Стоя в уголке, Мабель смотрела на королеву, словно злой гений, мрачным взглядом оценивая последствия своих ядовитых слов на эту женщину, чья беда заключалось в том, что она обладала слишком буйной жизненной силой. Жизнь, возможность чувствовать жизнь, воспринимать и накоплять все ощущения жизни, так вот, эта возможность – которая присуща всем живым существам, но лишь у людей поддается анализу – никогда не остается в естественных пределах. Когда человеку всего вышеперечисленного не хватает, он становится похож на гриб, который влачит жалкое существование, испытывая недостаток ощущений и чувств. Когда же последних наблюдается явный избыток и они донельзя обостряются, человек становится феноменом, монстром, анормальным индивидуумом, вроде Локусты, Агриппины, Нерона, Маргариты Бургундской.

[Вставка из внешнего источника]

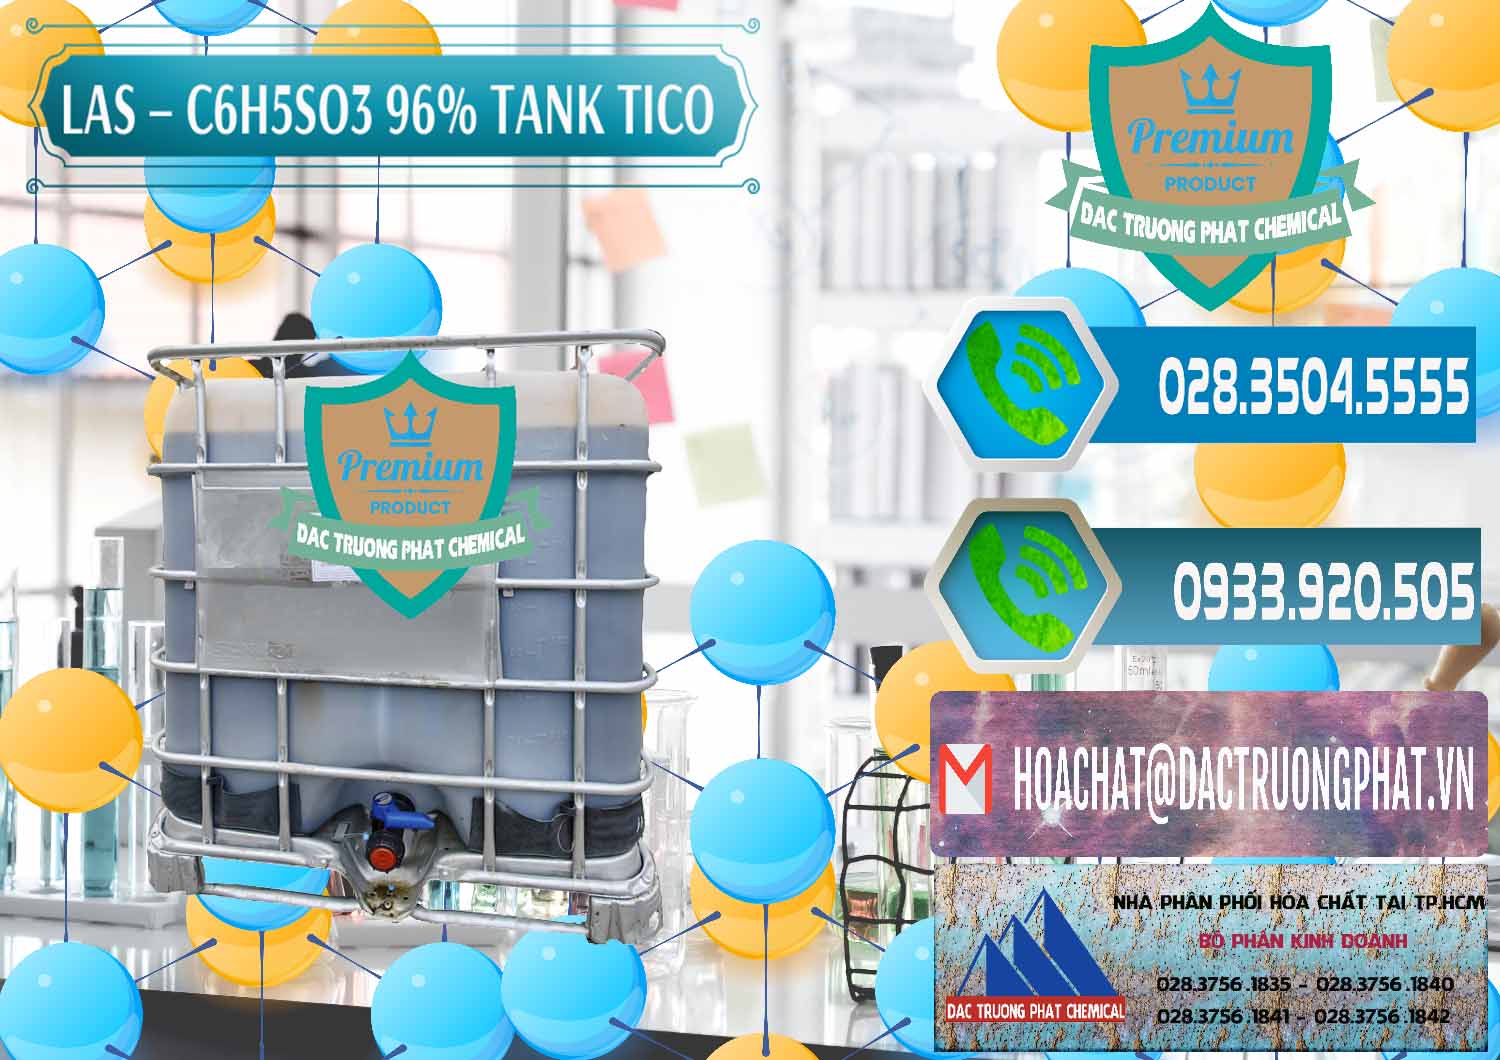 Đơn vị nhập khẩu - bán Chất tạo bọt Las P Tico Tank IBC Bồn Việt Nam - 0488 - Bán _ phân phối hóa chất tại TP.HCM - congtyhoachat.net

– Когда вы намерены использовать эликсир? – спросила Мабель безразличным голосом.
– Тебе-то какая разница! – проворчала королева.
– Лично мне совершенно все равно, разве что интересно было бы взглянуть на результаты моего труда, но вот для вас значение имеет большое, так как в тот самый час, когда ваш избранник выпьет эликсир, должны быть произнесены соответствующие заклинания, и лишь я знаю формулу этих обращений к высшим силам…
– Так и быть!.. Пусть пройдут сутки. Завтра в полночь можешь произносить свои заклинания.
И королева, своей мягкой и грациозной поступью богини, удалилась в ораторию, где упала на колени перед образом Христа.
– Завтра в полночь Буридан будет мертв! – прошептала Мабель.
XXX. Мать Буридана
Прево Парижа, мессир Жан де Преси, проживал на Гревской площади, неподалеку от дома с колоннами. То был человек с лицом, похожим на ледяную глыбу, суровый на вид, но весьма покладистый в делах, спорый в работе и способный оказывать большие услуги – своему начальству – в период смуты, а такие вещи частенько случались в те времена, когда власть была отнюдь не так сильна, как в наши дни.
Если читатель спросит, идет ли речь о власти королевской или же о власти республиканской, мы попросим его ответить на этот вопрос самого.
Таким образом, Жан де Преси, человек достойный, сменивший на занимаемом посту Барбетта, как никто другой умел преподать парижанам полезный пример. Приказать схватить дюжину бунтовщиков, повесить двоих из них на Гревской площади, двоих у Трагуарского креста, двоих у Центрального рынка, троих или четверых пригвоздить к позорным столбам, одного или двоих, для разнообразия, колесовать было для него делом одного дня, и сей факт как нельзя лучше доказывает, что новый прево Парижа был, как мы уже отметили, крайне спор в работе.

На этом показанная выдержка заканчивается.